Table 1 Descriptive statistics of study participants.

Taxonomic analysis

Following quality filtering, a mean of 828,950 high-quality microbial sequencing reads were obtained per sample. The median number of observed species for either the FTB or PTB groups was 168 and 185.5, respectively (Fig. 1a), with the highest number of species observed at 15 for a risk_PTB sample. There was no significant difference in α-diversity measure between either the FTB or PTB groups (Fig. 1a); however, there was an increased diversity of the risk_FTB group compared to the no-risk_FTB group using both Shannon and Simpson measures (Fig. 1b; p = 0.01 and p = 0.003, respectively). In terms of β-diversity, the risk_PTB communities were significantly dissimilar from both the no-risk_FTB and risk_FTB samples (Fig. 1b; p = 0.02).

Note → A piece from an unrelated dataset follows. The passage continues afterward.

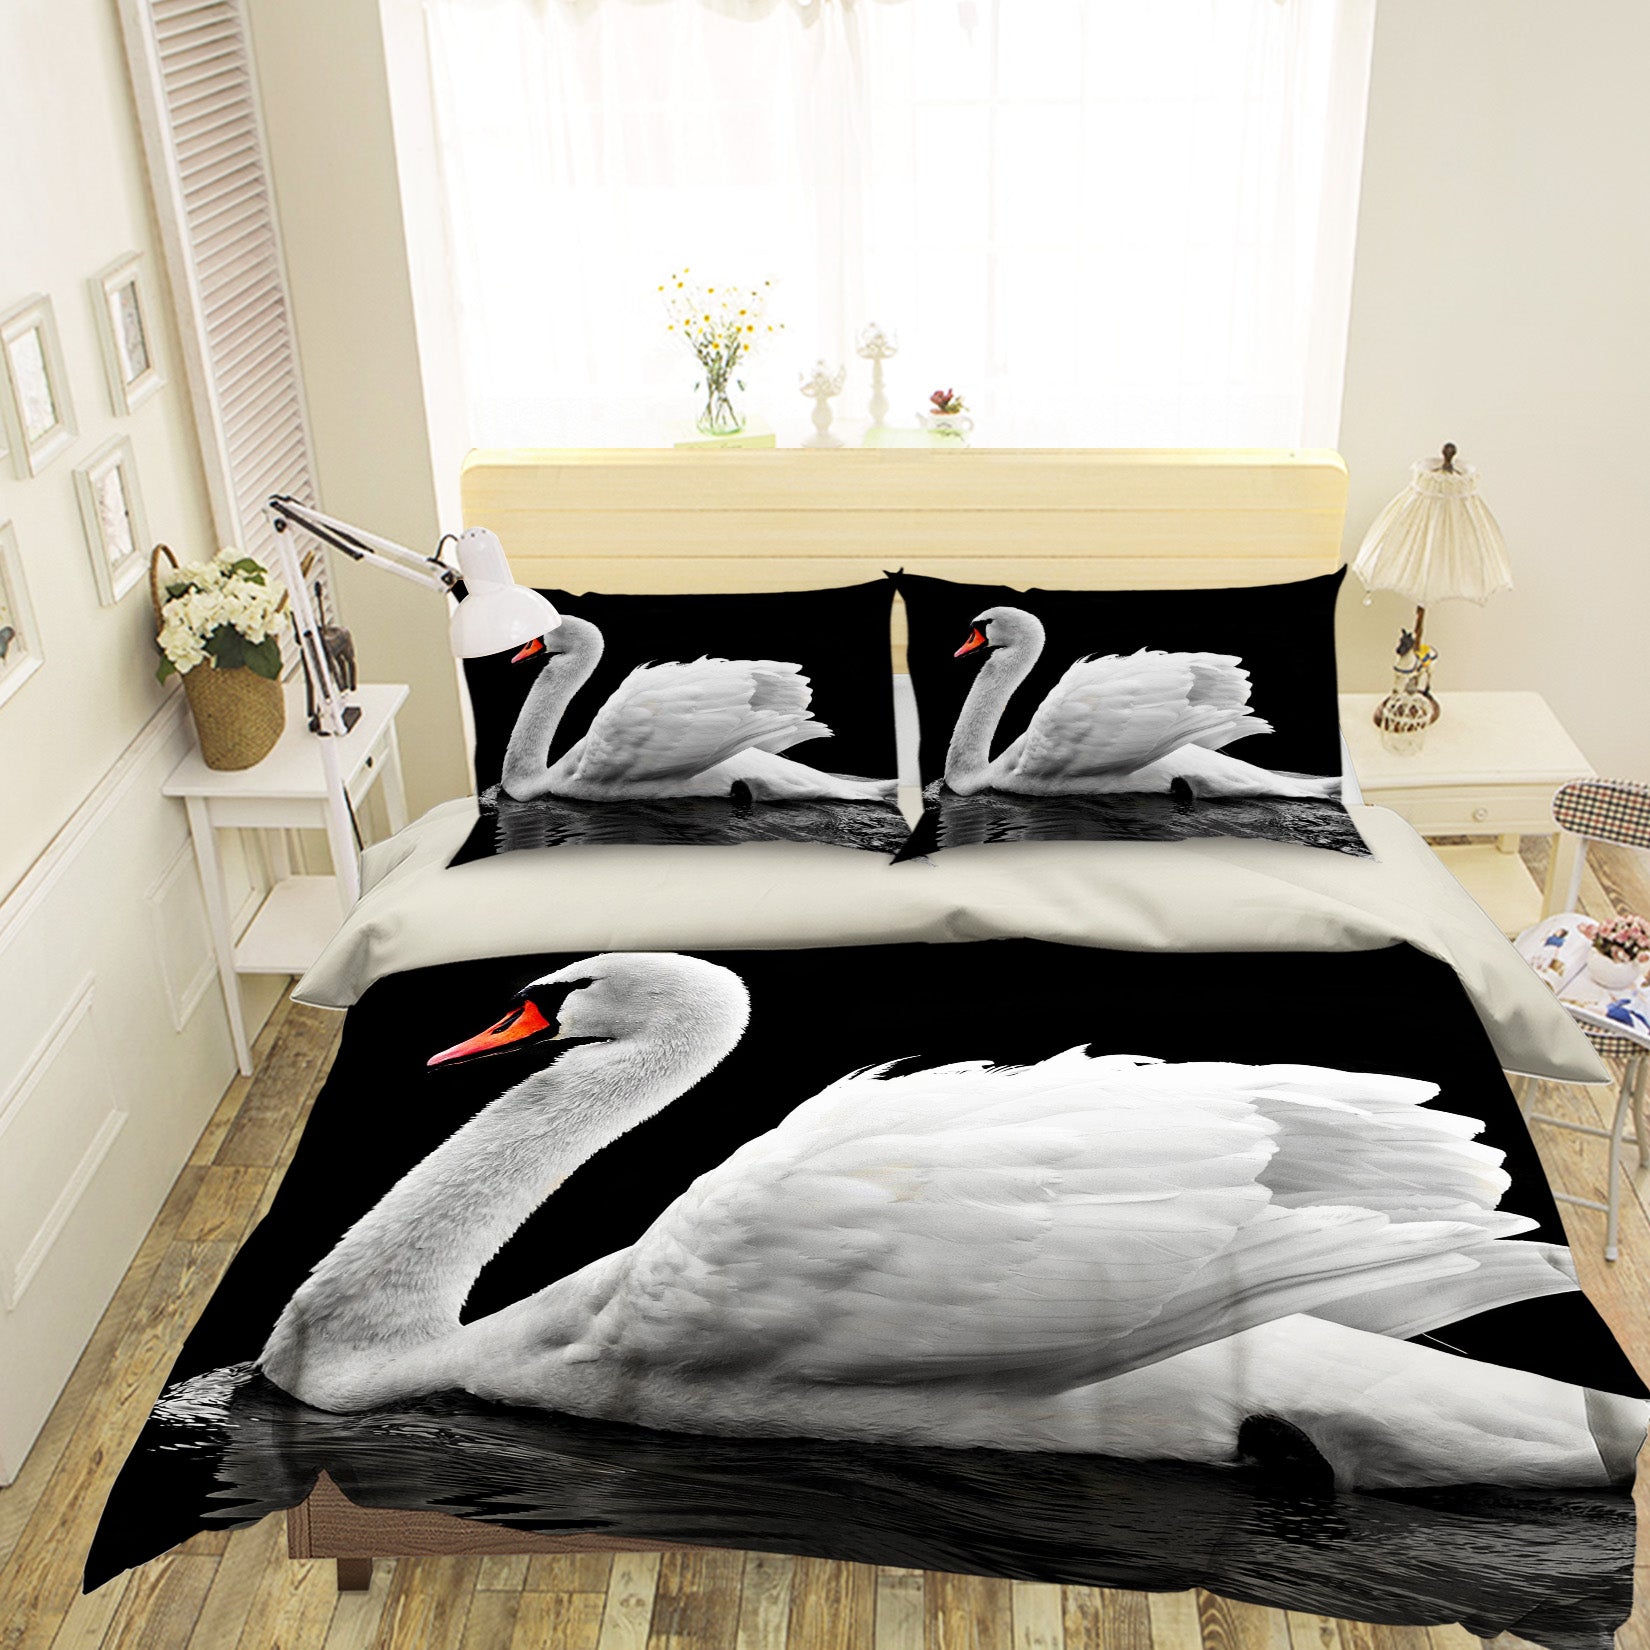 3D White Swan 1947 Bed Pillowcases Quilt

Fig. 1: Species diversity between study groups.
figure 1

α-Diversity comparison as measured by Shannon and Simpson index, including the total observed species for either delivery outcome (a) or risk grouping (b). Significant differences as calculated by Wilcoxon’s test are noted with *p < 0.05 or **p < 0.02. The species level community dissimilarity as measured by Bray–Curtis and visualized using PCoA for either delivery outcome (c) or risk grouping (d). Ellipses are generated using stat_ellipse function in R. Significance of group dissimilarity as calculated by PERMANOVA is identified by the given p-value. The top five lactobacilli across all samples are labelled to highlight drivers of variation for clusters with black arrows to indicate the directionality.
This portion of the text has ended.